“There now, Dagobert, you have begun to scold us already.”
“Just at the very commencement,” added Blanche.
“Commencement!—what, is there to be a sequel? a finish?”
“A finish? we hope not,” said Rose, laughing like mad.
“All we ask is, that it should last forever,” added Blanche, sharing in the hilarity of her sister.
Dagobert looked gravely from one to the other of the two maidens, as if trying to guess this enigma; but when he saw their sweet, innocent faces gracefully animated by a frank, ingenuous laugh, he reflected that they would not be so gay if they had any serious matter for self-reproach, and he felt pleased at seeing them so merry in the midst of their precarious position.
“Laugh on, my children!” he said. “I like so much to see you laugh.”
Then, thinking that was not precisely the way in which he ought to treat the singular confession of the young girls, he added in a gruff voice: “Yes, I like to see you laugh—but not when you receive fair visitors with blue eyes, young ladies!—Come, acknowledge that I’m an old fool to listen to such nonsense—you are only making game of me.”
“Nay, what we tell you is quite true.”
“You know we never tell stories,” added Rose.

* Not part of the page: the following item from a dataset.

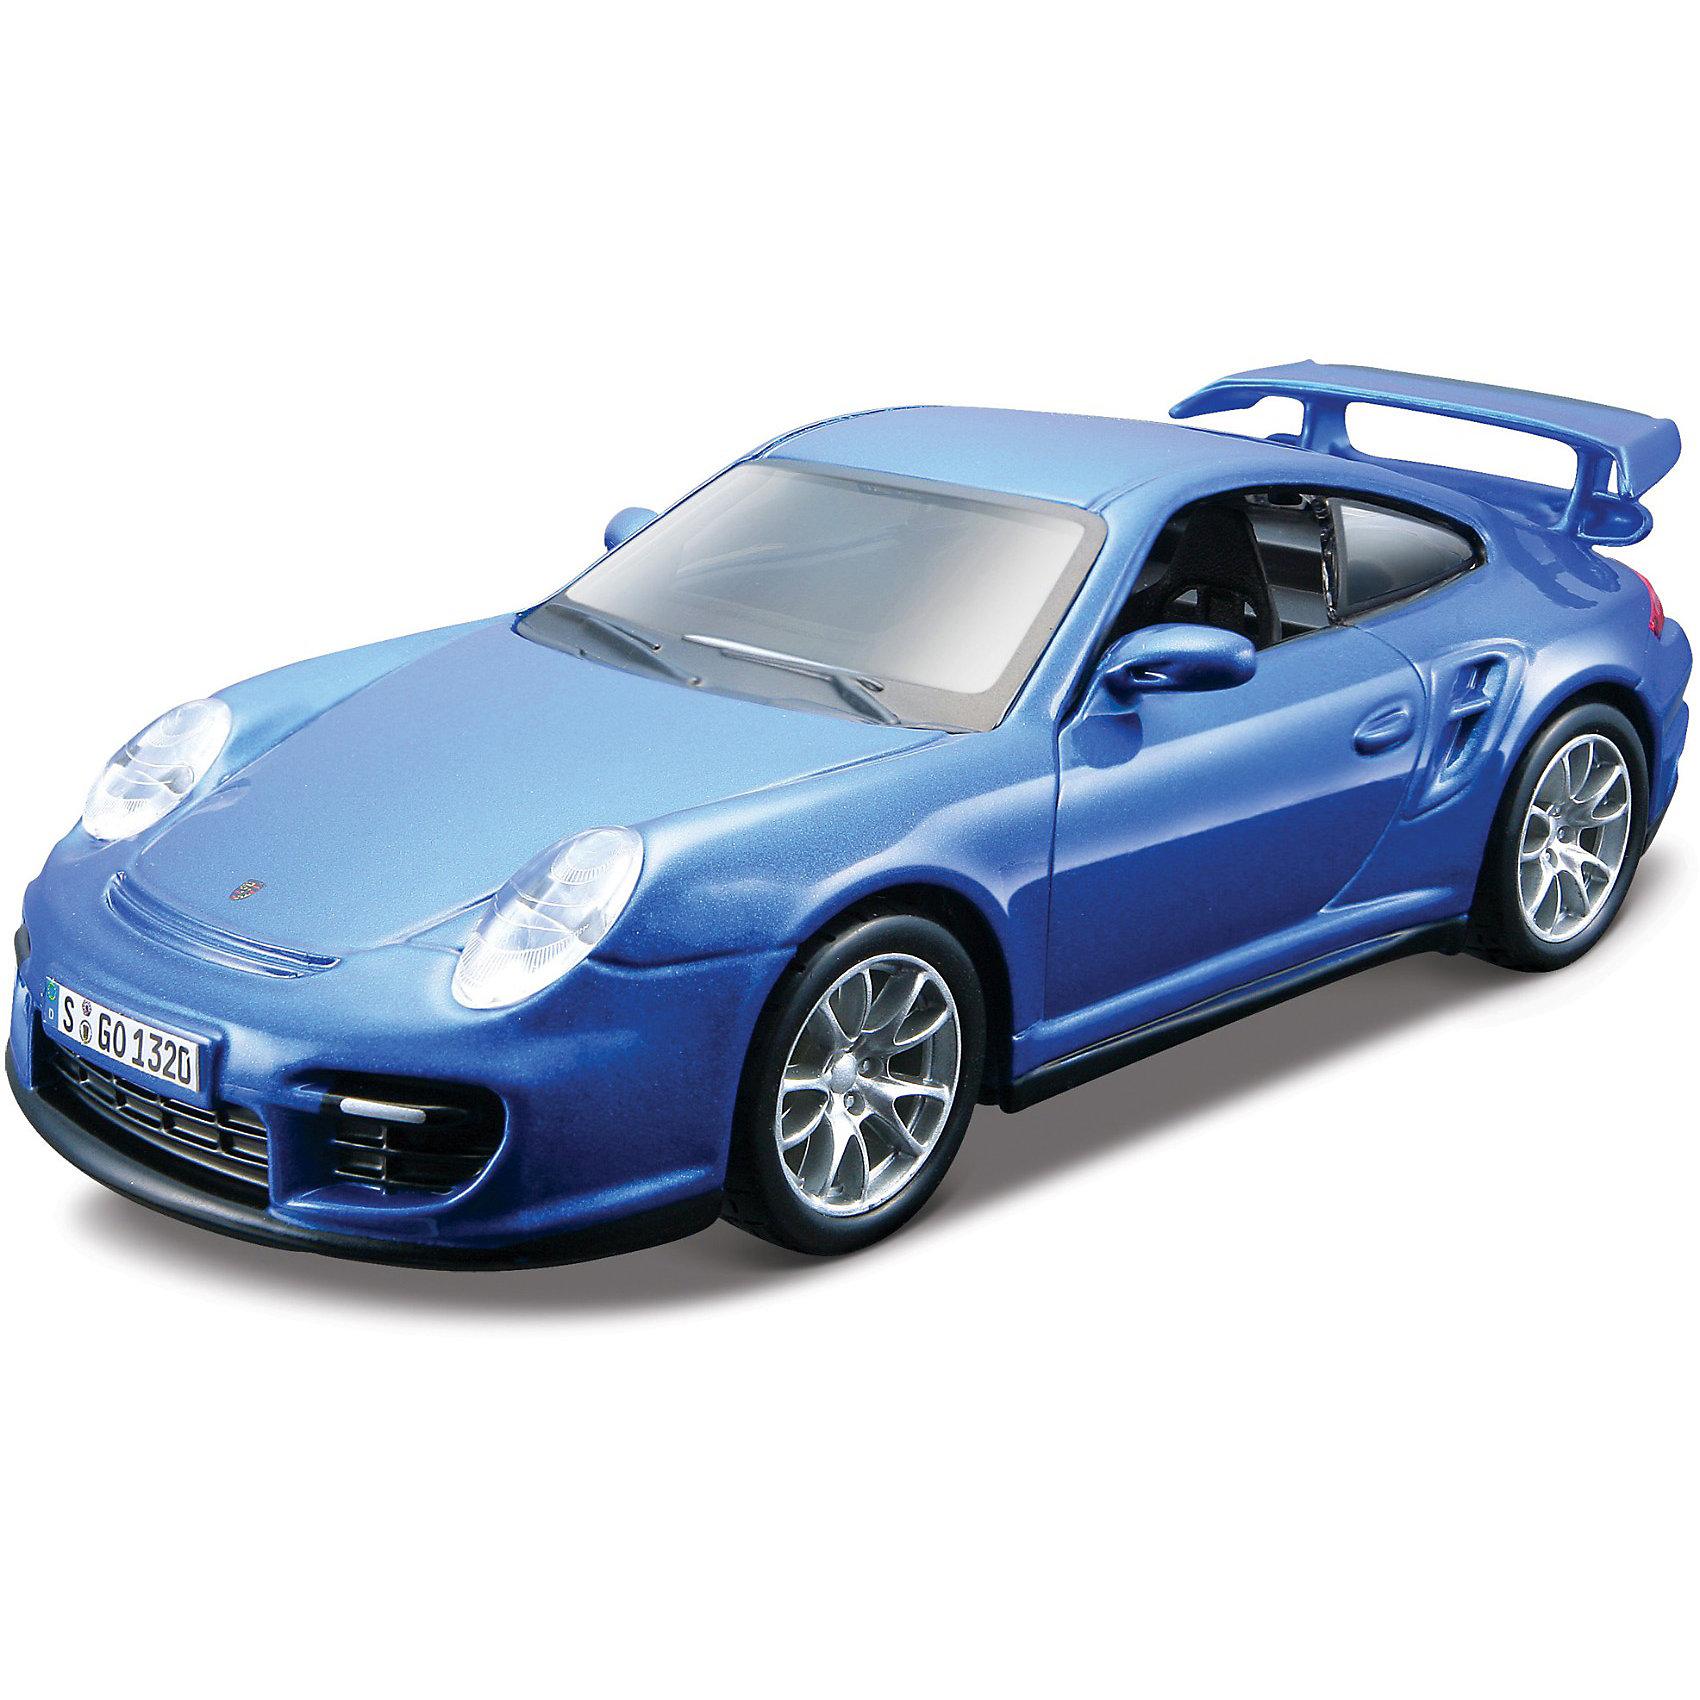 Машина  Porsche 911 GT2 металл.,сборка, 1:32,BburagoМашина  Porsche 911 GT2 металл.,сборка, 1:32,Bburago (Бураго)<br>Компания Bburago – мировой лидер в производстве коллекционных  моделей автомобилей.  <br>Более 30 лет профессиональные дизайнеры Bburago разрабатывают точные копии современных машин и ретро машин известных марок.  <br><br>Porsche 911 – спортивный легковой автомобиль производства немецкой компании Porsche AG в кузове двухдверное купе или кабриолет на его основе, в разных поколениях производящегося с 1964 года по наши дни.<br>Коллекционная модель Porsche 911 GT2 Bburago очень точно повторяет детали настоящего автомобиля.<br> <br>Функциональность игрушки: <br><br>- Собирается с помощью отвертки.<br>- Двери и капот открываются, руль вращается.<br><br>В процессе сборки маленького автомобиля и  игры в него ребенок развивает координацию движений и меткость, пространственное и образное мышление, воображение, мелкую моторику.  <br><br>С мини-модельками автомобилей Bburago игра станет настолько увлекательной, что оторваться будет невозможно!<br><br>Дополнительная информация:<br><br>- Размеры упаковки: 19 х 7 х 14,5 см<br>- Вес: 0,3 кг<br><br>Игрушку Машина  Porsche 911 GT2 металл.,сборка, 1:32,Bburago можно купить в нашем интернет-магазине.<br><br>Ширина мм: 90<br>Глубина мм: 150<br>Высота мм: 70<br>Вес г: 350<br>Возраст от месяцев: 144<br>Возраст до месяцев: 1164<br>Пол: Мужской<br>Возраст: Детский<br>SKU: 3369444

“They are right—they never fib,” said the soldier, in renewed perplexity.
“But how the devil is such a visit possible? I sleep before your door—Spoil-sport sleeps under your window—and all the blue eyes and fair locks in the world must come in by one of those two ways—and, if they had tried it, the dog and I, who have both of us quick ears, would have received their visits after our fashion. But come, children! pray, speak to the purpose. Explain yourselves!”
The two sisters, who saw, by the expression of Dagobert’s countenance, that he felt really uneasy, determined no longer to trifle with his kindness. They exchanged a glance, and Rose, taking in her little hand the coarse, broad palm of the veteran, said to him: “Come, do not plague yourself! We will tell you all about the visits of our friend, Gabriel.”
“There you are again!—He has a name, then?”
“Certainly, he has a name. It is Gabriel.”
“Is it not a pretty name, Dagobert? Oh, you will see and love, as we do, our beautiful Gabriel!”
“I’ll love your beautiful Gabriel, will I?” said the veteran, shaking his head—“Love your beautiful Gabriel?—that’s as it may be. I must first know—” Then, interrupting himself, he added: “It is queer. That reminds me of something.”
“Of what, Dagobert?”
“Fifteen years ago, in the last letter that your father, on his return from France, brought me from my wife: she told me that, poor as she was, and with our little growing Agricola on her hands, she had taken in a poor deserted child, with the face of a cherub, and the name of Gabriel—and only a short time since I heard of him again.”